**What to do:** With the pictures left out, transcribe exactly the lines from the one with "City Music Foundation logo" through the end of the data.

**Information supplied:**
|---|

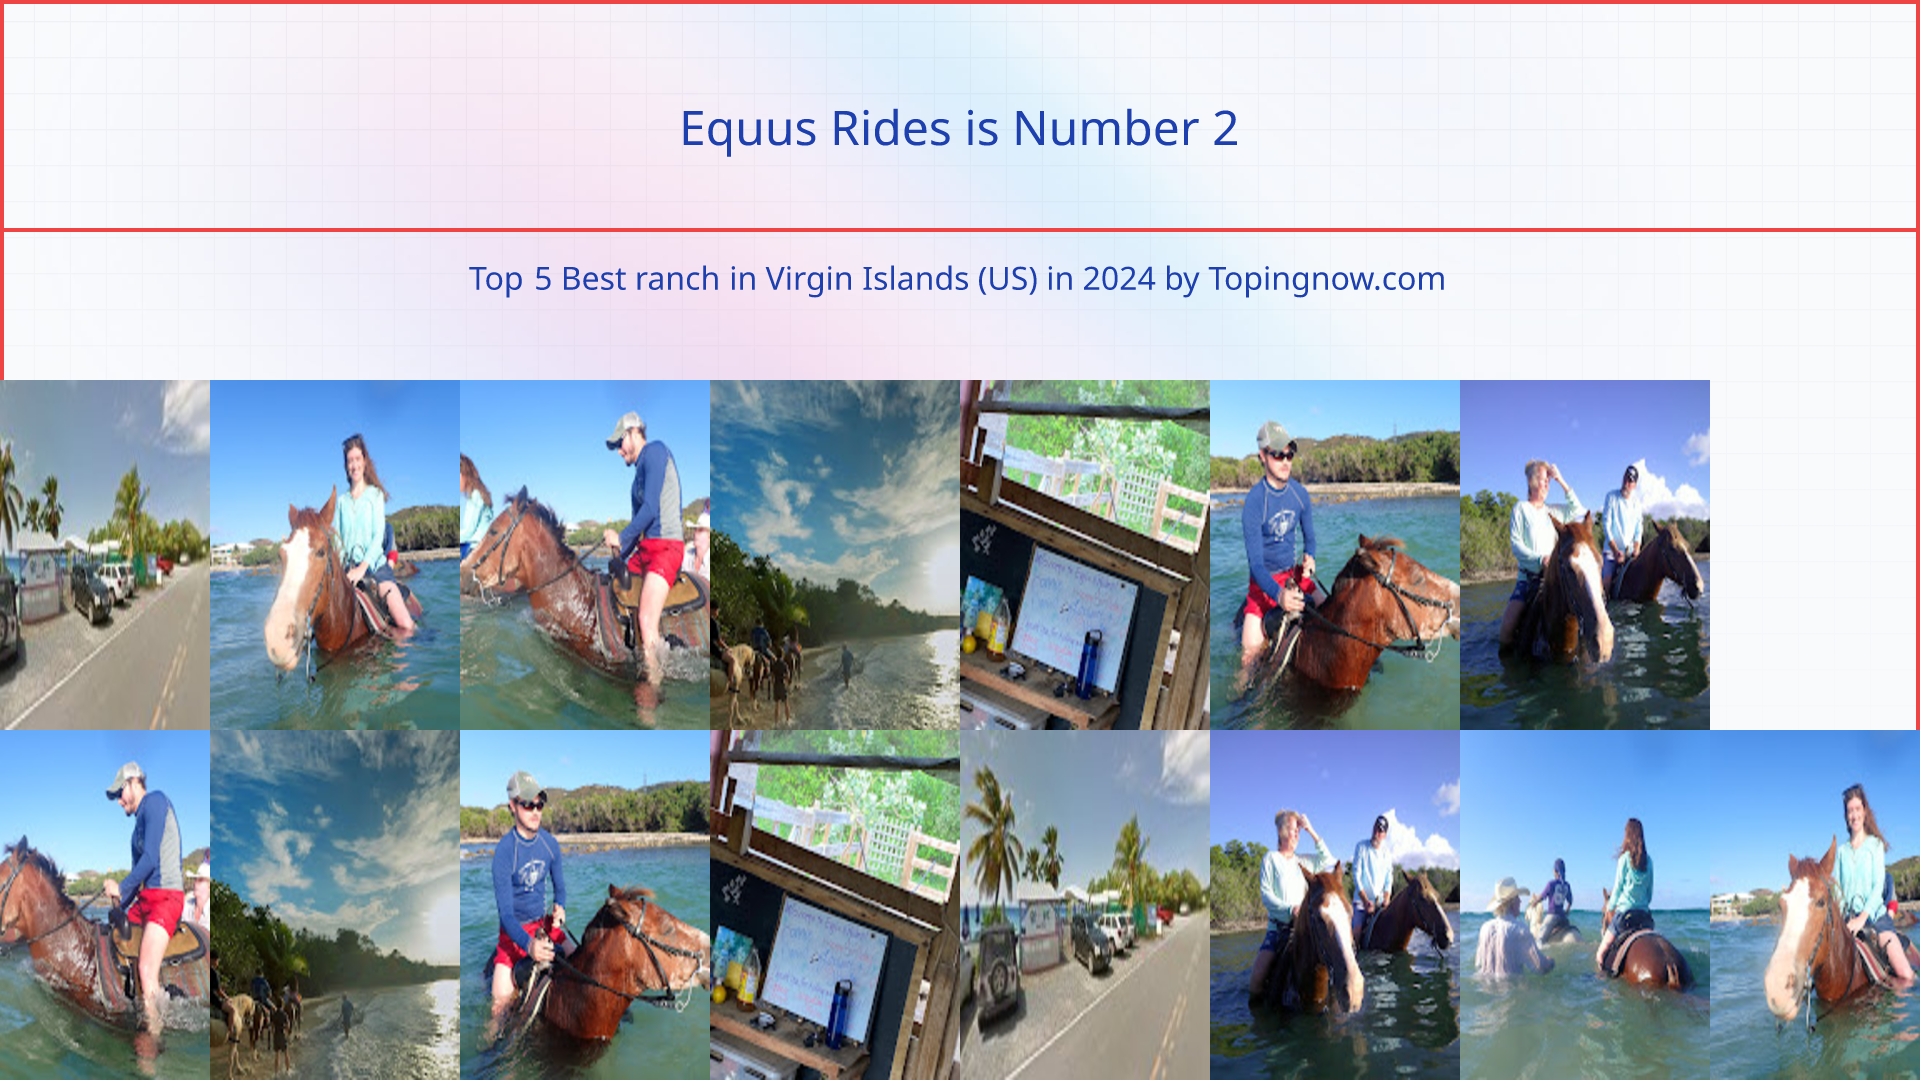 Equus Rides: Top 5 Best ranch in Virgin Islands (US) in 2024
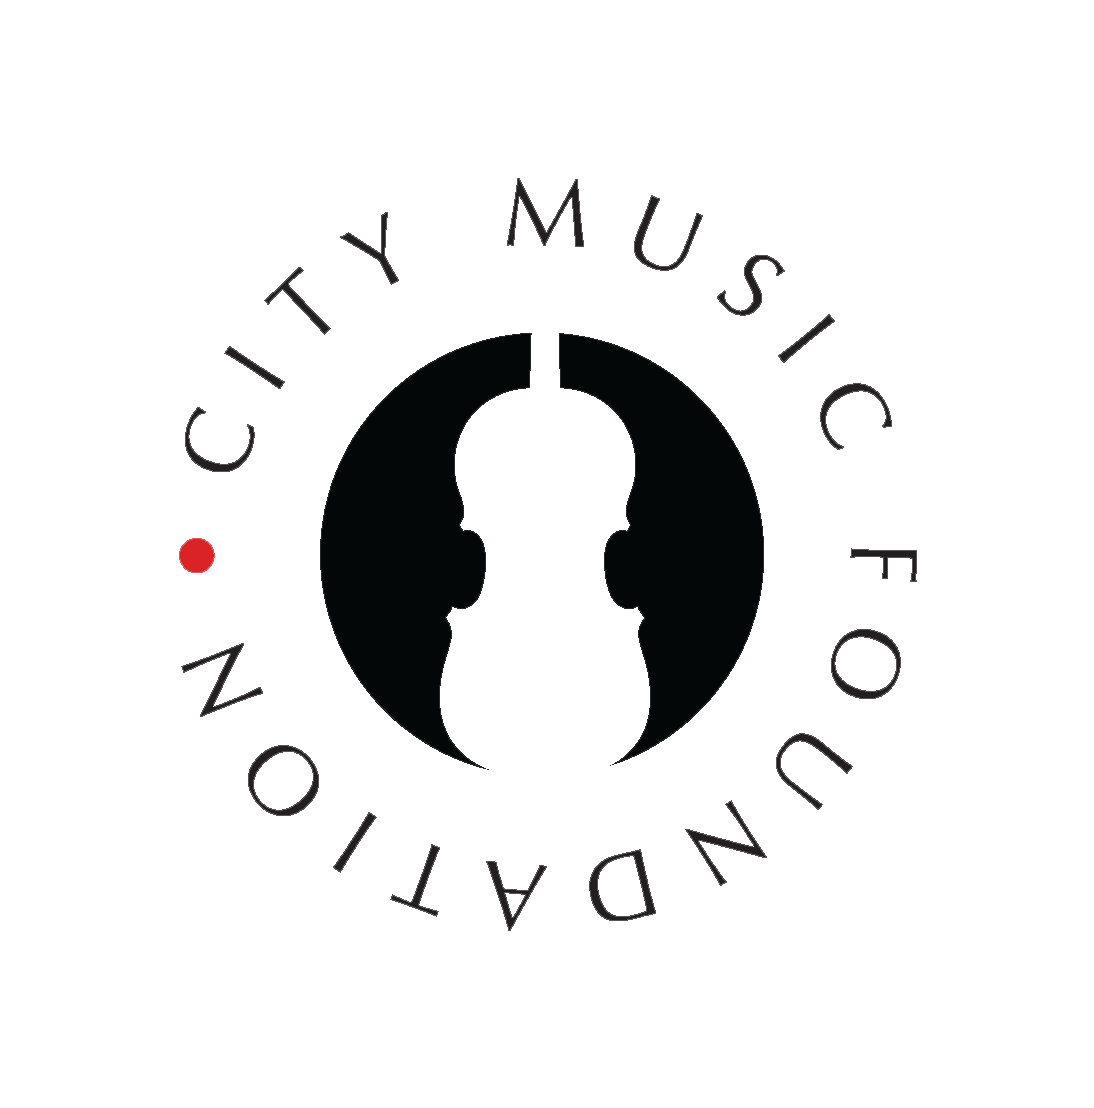 City Music Foundation logo
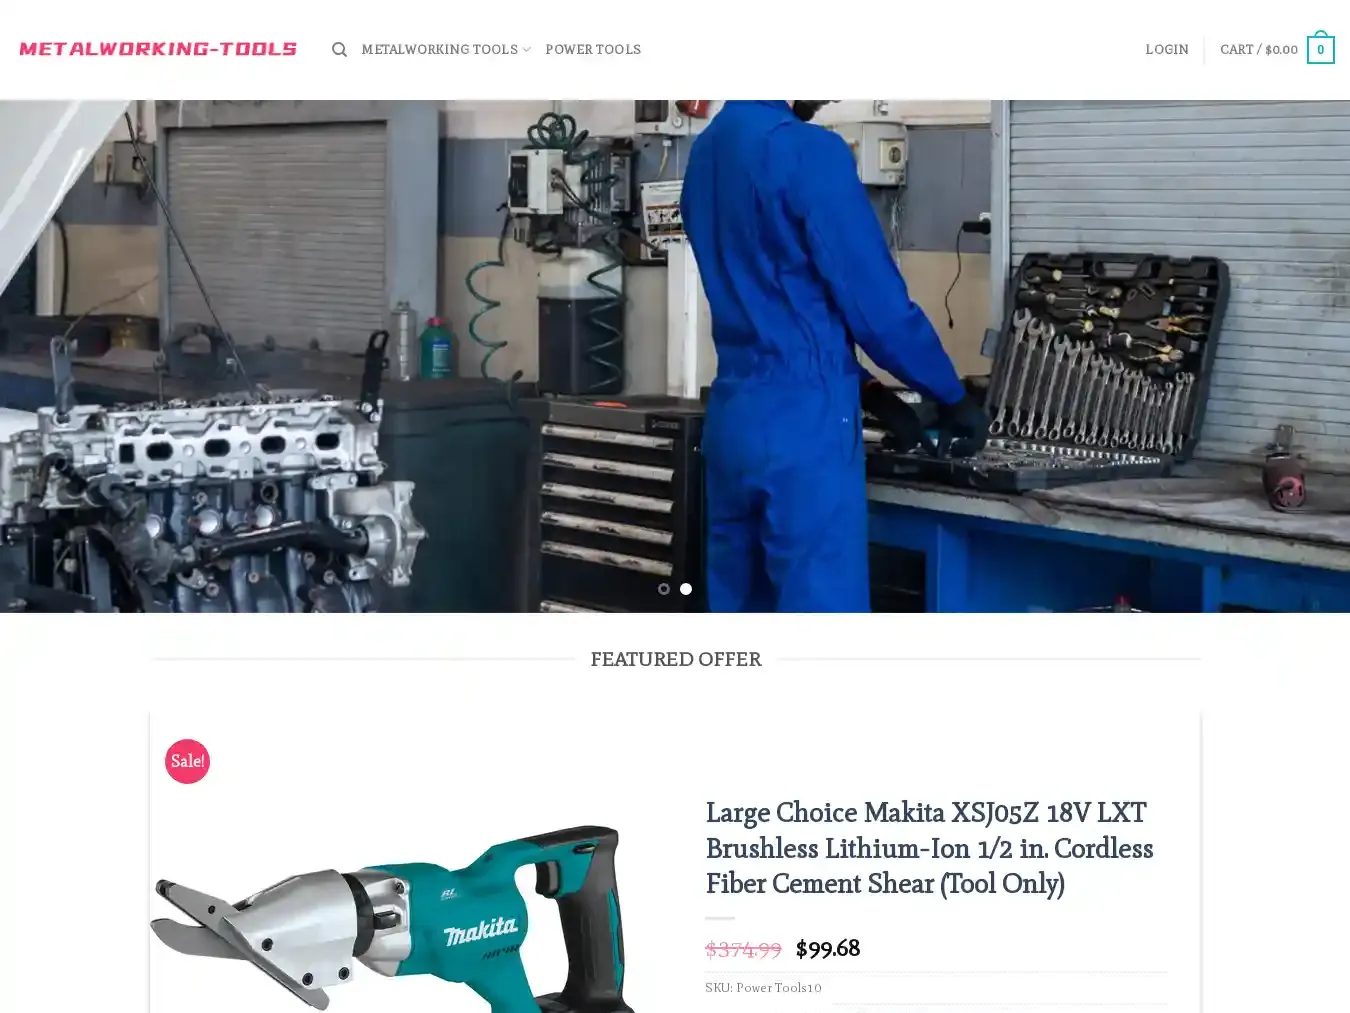 Metalworking-tools.com Fraudulent Non-Delivery website.

|---|

**The completed task:**
 City Music Foundation logo
 Metalworking-tools.com Fraudulent Non-Delivery website.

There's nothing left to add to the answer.